> [Information given]:
====

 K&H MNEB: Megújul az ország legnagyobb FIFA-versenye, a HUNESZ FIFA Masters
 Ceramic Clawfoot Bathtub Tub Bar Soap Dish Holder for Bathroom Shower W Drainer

====

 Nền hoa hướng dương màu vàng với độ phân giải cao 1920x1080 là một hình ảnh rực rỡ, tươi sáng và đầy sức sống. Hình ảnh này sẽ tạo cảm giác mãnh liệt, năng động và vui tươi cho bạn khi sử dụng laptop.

====

> [What you should do]: Out of the listing above, reproduce exactly the lines from the one with "K&H MNEB: Megújul" up to and including the one with "Ceramic Clawfoot Bathtub".

> [Exercise response]:
 K&H MNEB: Megújul az ország legnagyobb FIFA-versenye, a HUNESZ FIFA Masters
 Ceramic Clawfoot Bathtub Tub Bar Soap Dish Holder for Bathroom Shower W Drainer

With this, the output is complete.